Georgia House Speaker Calls for Elimination of QR Codes on Ballots and Independent Oversight as Curling v Raffensperger Lawsuit is Underway

Photo courtesy of friendsofjonburns.com

 

On Tuesday, the six-years-long federal case Curling v Raffensperger finally began.  The case aims to move the Peach State away from the voting machines that create an unverifiable paper ballot where a voter’s intent is read through a QR code rather than the filled-in circles.

As The Gateway Pundit reported on Monday, the Georgia Secretary of State will notably be absent from the list of witnesses called to testify.
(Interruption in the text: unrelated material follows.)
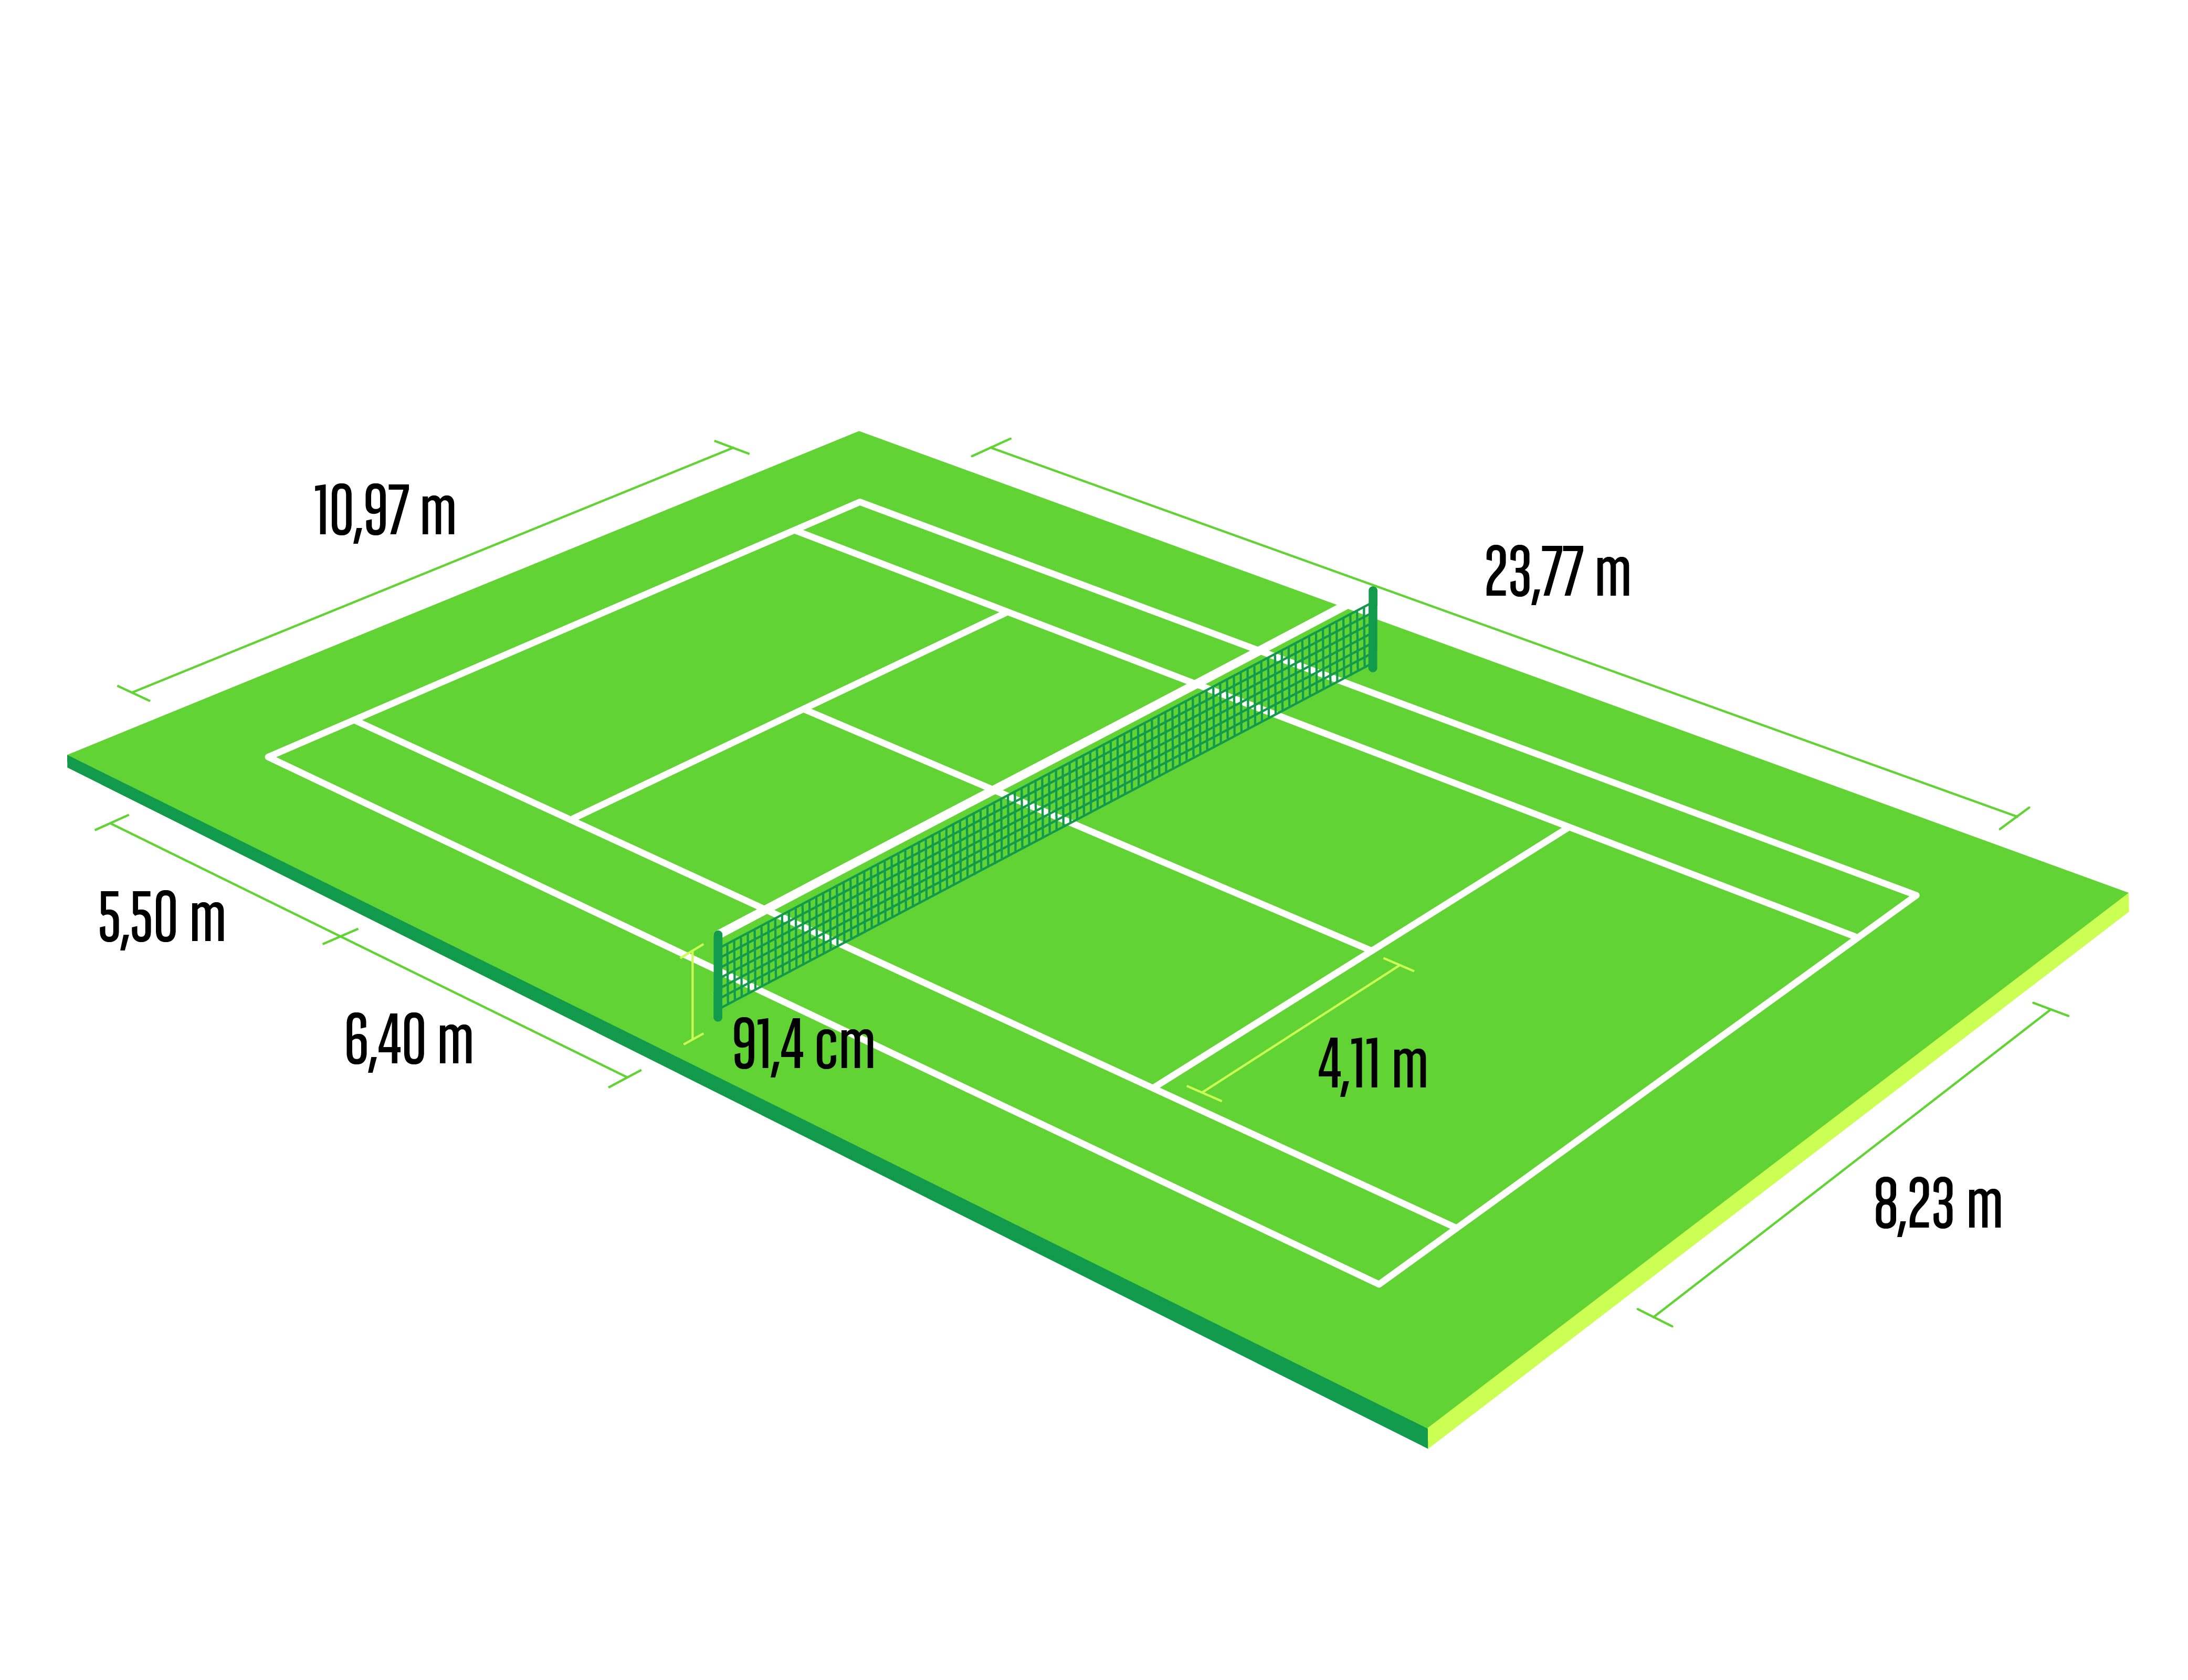 Parolier Nuit Désillusion mini tennis court dimensions in meters

Outrageous! Secretary of State Brad Raffensperger Does Not Have to Testify in Upcoming Case Challenging Georgia Election Machines

 

Yesterday, while speaking at a Georgia Chamber of Commerce gathering, Georgia House Speaker Jon Burns called for the elimination of the unconstitutional QR codes that designate the vote while also calling for independent oversight of the Secretary of States Office.

From the AJC:

“We know that 2024 will once again be a pivotal election, and Georgia will again be the political epicenter of the nation,” Burns, a Republican from Newington, said Wednesday during the annual Eggs & Issues breakfast sponsored by the Georgia Chamber of Commerce. “It is therefore critical that we do everything in our power to continue safeguarding our elections, increasing transparency and building on our efforts to increase voter participation at every turn.”

Burns’ election-year proposals follow complaints from conservative voters and election security advocates who say Georgia’s voting technology isn’t trustworthy. His support could result in bills changing Georgia’s voting laws during the annual legislative session of the General Assembly that began this week. A federal trial in Atlanta that began Tuesday is also questioning the security of the voting system.
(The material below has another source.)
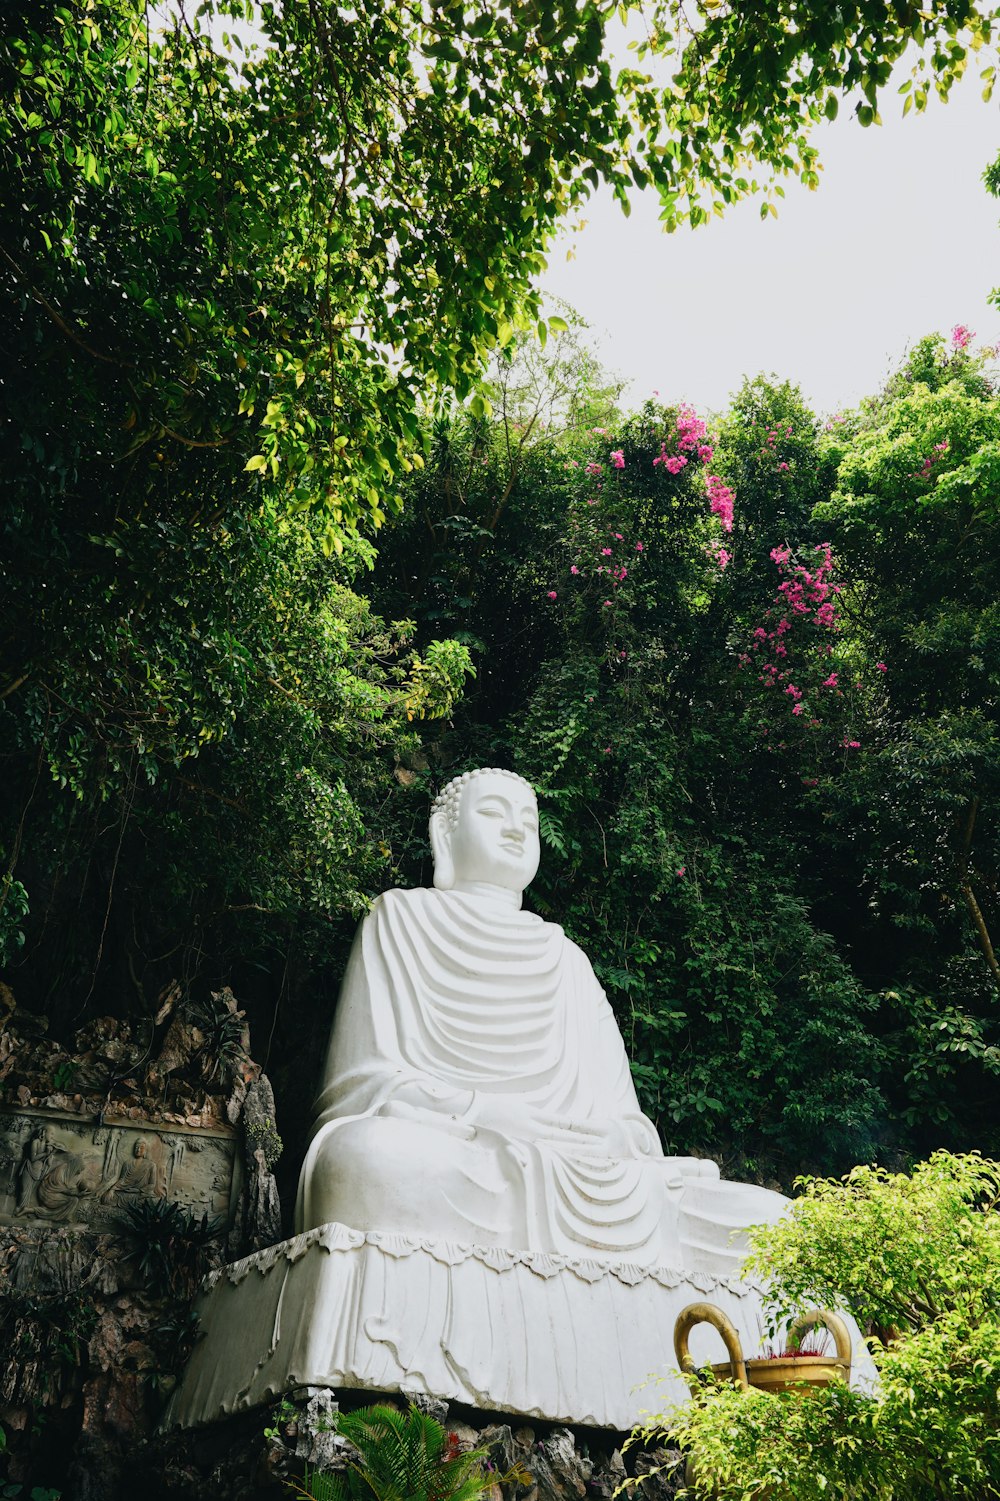 uma estátua de uma pessoa sentada em um banco em um jardim

“We are going to strengthen the security of our ballots by moving away from the QR code — which many voters find confusing — and toward visible watermarks on security paper to denote voter selections,” Burns said.

Speaker Burns also went on to criticize the State Election Board’s intermingled relationship with the Secretary of State.  Last month, the Board came under tremendous scrutiny after it removed a significant complaint from it’s docket that alleged tens of thousands of votes could not be validated.  Almost identical arguments were made in filings for the Curling v Raffensperger case by UC Berkeley Professor Philip Stark.  The Gateway Pundit has documented many of those anomalies as well through a four-part series from back in September.

Additionally, during that same hearing, the State Election Board voted against investigating the Secretary of State over the wildly inaccurate hand recount that has not yet been explained or remedied by the state’s top election official despite confirmation of the discrepancy by the Governor’s office and a consent decree entered between the State Election Board and Fulton County.

The State Election Board has gone through a rousing game of musical chairs over the last year at the chairman’s seat.  After former federal judge William Duffey stepped down in August, Matt Mashburn replaced him as the acting chair and presided over the December 19th hearing that removed the damning SEB 2023-025 from the docket.  Now the board is being headed by Waffle House vice-president John Fervier.  Fervier does not have any known experience in elections but, according to the AP, he “oversees insurance, risk management, workers’ compensation and security” for the nation-wide restaurant chain that is based in Norcross, Georgia.